2.2. Identify the Failed DIMM

  1. To identify the failed DIMM from the output, run the following command:
    $ sudo nvsm show health
  2. Contact NVIDIA Enterprise Support, provide the output requested and obtain a replacement DIMM.
  3. After the new DIMM arrives, power off the DGX Station A100 and switch off the power supply.
  4. Remove the left system cover by pressing on the button that releases it.





  5. Pull the cover off and set aside.





  6. Remove the air baffle.





2.3. Locate and Replace the Failed DIMM

  1. Use this diagram, or the label located on the back of the system cover, to locate the DIMM that needs to be replaced.





  2. Use the ejector lever on the DIMM to push it out of its socket.

  3. Install the new DIMM and press down until the ejector lever returns to its locked position.

After you replace the failed DIMM, see Close the System and Check the Memory.

2.4. Close the System and Check the Memory

After replacing the failed DIMM, you need to close the DGX Station A100 and check the memory.

  1. Install the air baffle by inserting it in the holes on the right side and then allowing the magnets on the left side to secure it in place .
  2. Close the system cover by inserting the bottom of the cover to the chassis, and then rotating it until it locks.
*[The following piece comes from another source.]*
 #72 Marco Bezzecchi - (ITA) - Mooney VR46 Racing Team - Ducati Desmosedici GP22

  3. To confirm that DGX Station A100 is healthy and that the memory is working properly, power on the system, and run the following command:
    $ sudo nvsm show health

3. Display GPU Replacement

This section provides information about how to replace the Display GPU.

3.1. Display GPU Replacement

This is a high-level overview of the process to replace the display GPU.
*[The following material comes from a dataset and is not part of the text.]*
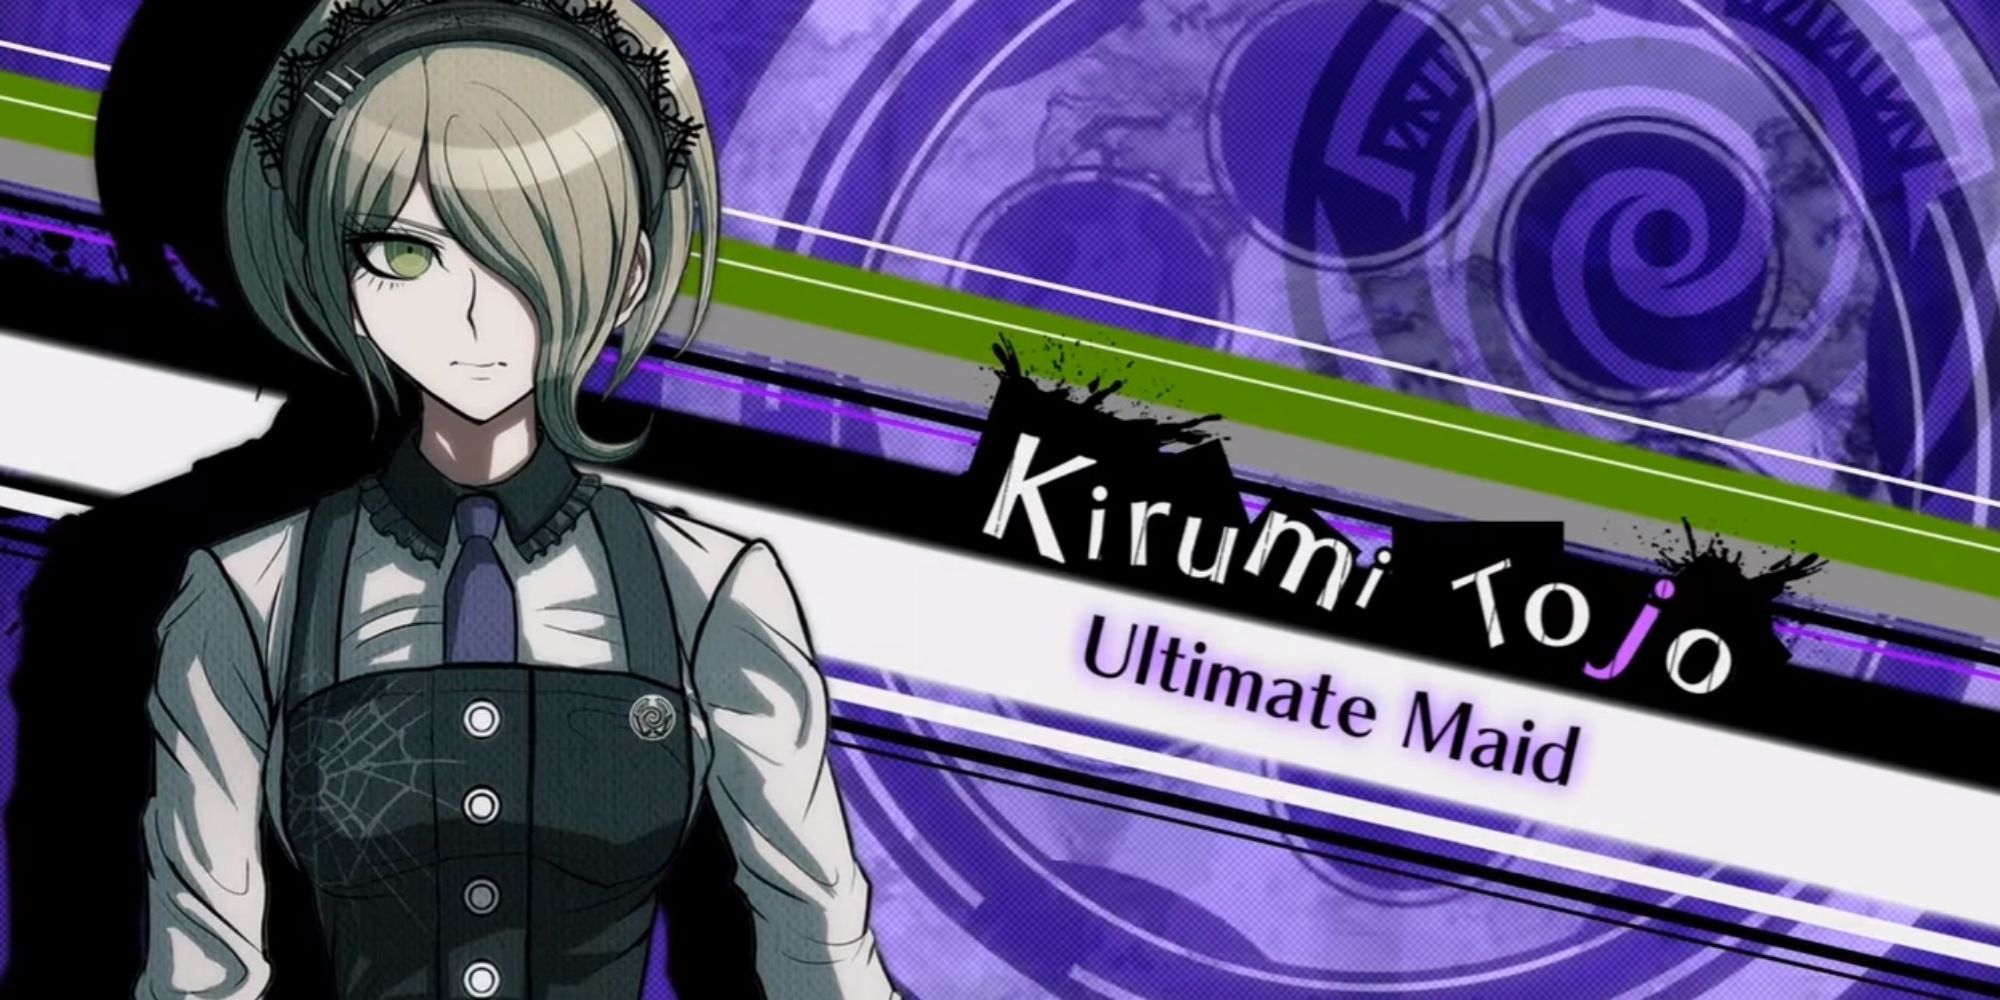 Kirumi Tojo the ultimate maid

  1. Contact NVIDIA Enterprise Support to obtain a replacement GPU.
  2. Power off the DGX Station A100 and turn off power supply switch.
  3. Open the left cover (motherboard side).
  4. Remove the air baffle.
  5. Use a Phillips #2 screwdriver to release the GPU from the PCIe slot.
  6. Replace the Display GPU.
  7. Use a Phillips #2 screwdriver to secure the GPU to the PCIe slot.
  8. Install the air baffle.
  9. Install the system cover.
  10. Power on the system.
  11. Test the display and overall system health.
After you review these steps, see Obtain a New Display GPU and Open the System.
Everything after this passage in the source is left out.